To make your life easier later on, add this line to your .bashrc (or whatever startup file is appropriate for the shell you are using):

export SPARK_HOME=~/spark

Now source the file you just added this line to, e.g.

> source .bashrc

and try to run a basic spark example to see if everything is working:

> $SPARK_HOME/bin/spark-submit $SPARK_HOME/examples/src/main/python/pi.py 10

Using this material

Notebooks can be downloaded and run on a local machine or any spark cluster. The notebooks require IPython > 3.0.

First, clone this repository on your local disk (if you set up the VM above, you've already done this):

$ git clone https://github.com/rokroskar/spark_workshop.git

Here, the instructions diverge briefly depending on whether you are running in a VM or your own installation:

Using the VM (vagrant)

If the VM is not running, start it with vagrant up.

Now we will launch the notebook server inside the VM

$ vagrant ssh -c "notebooks/start_notebook.py --setup --launch"
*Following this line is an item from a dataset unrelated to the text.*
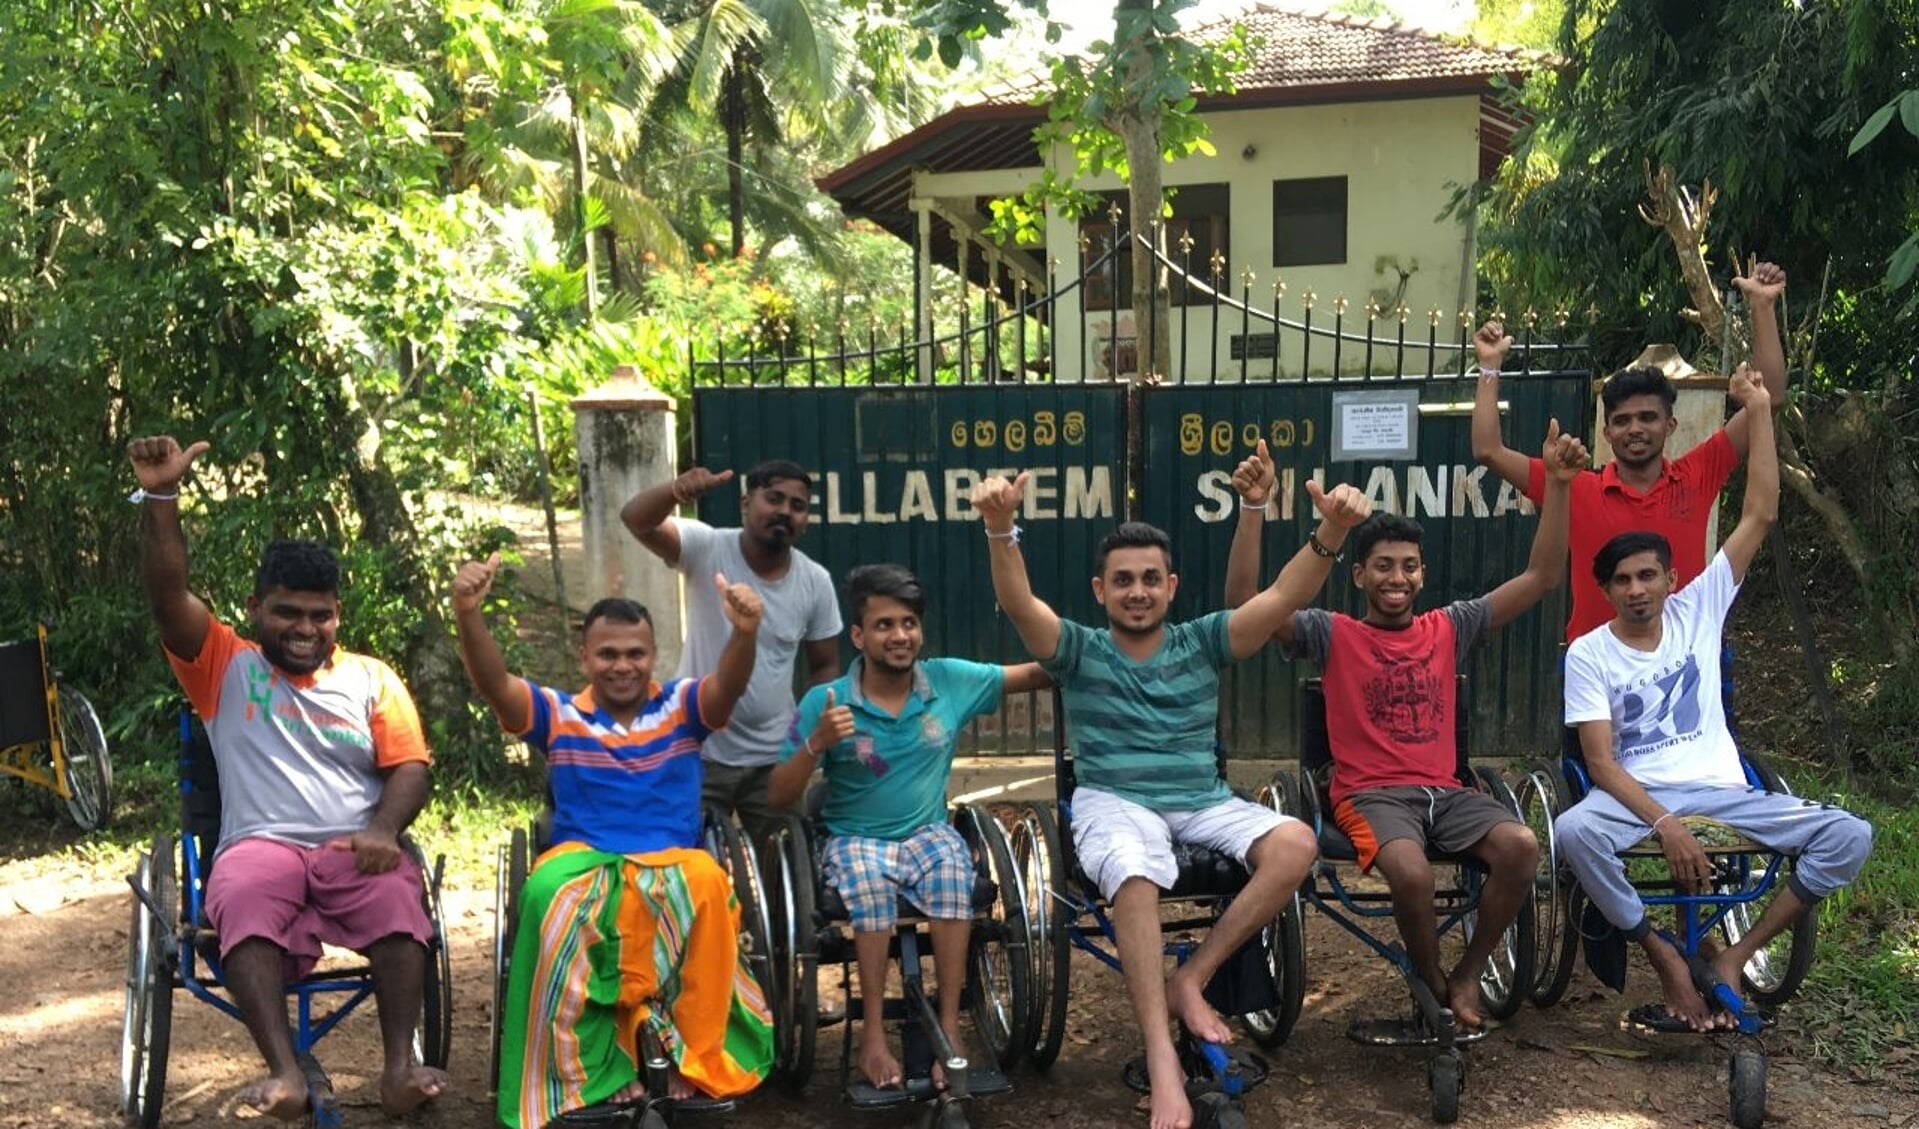 Dubbel kansarm een leven opbouwen op Sri Lanka is een hard bestaan als je gehandicapt bent.

Using your own installation

Simply setup/launch the notebook server from the notebooks directory

$ notebooks/start_notebook.py --setup --launch

Back on the same page

From here the process is identical. The start_notebook.py script first sets up a secure notebook for you, so you will be prompted to enter a password (this is just for you, so pick anything you want). Finally, when it's finished you will see a message with something like this

[I 15:32:11.906 NotebookApp] The IPython Notebook is running at: https://[all ip addresses on your system]:8889/
[I 15:32:11.906 NotebookApp] Use Control-C to stop this server and shut down all kernels (twice to skip confirmation).

The number at the end of https://[all ip addresses on your system]:8889/ is the port number on which the notebook is running. You can access it by simply going to https://localhost:8889 in your local browser. Make sure you specify https and not just http! This will bring up a menacing message like this

firefox_warning

about an untrusted certificate (we created a self-signed certificate during the notebook setup). You can safely ignore this and either click "Advanced -> Proceed to localhost" (in Chrome) or "I understand the risks -> Add Exception" (in Firefox) or simply "Continue" (in Safari).

Note that the --setup option is only needed the first time you start the notebook (to set up your SSL certificate and password) -- you can leave it out when starting the notebook server up again at some later point.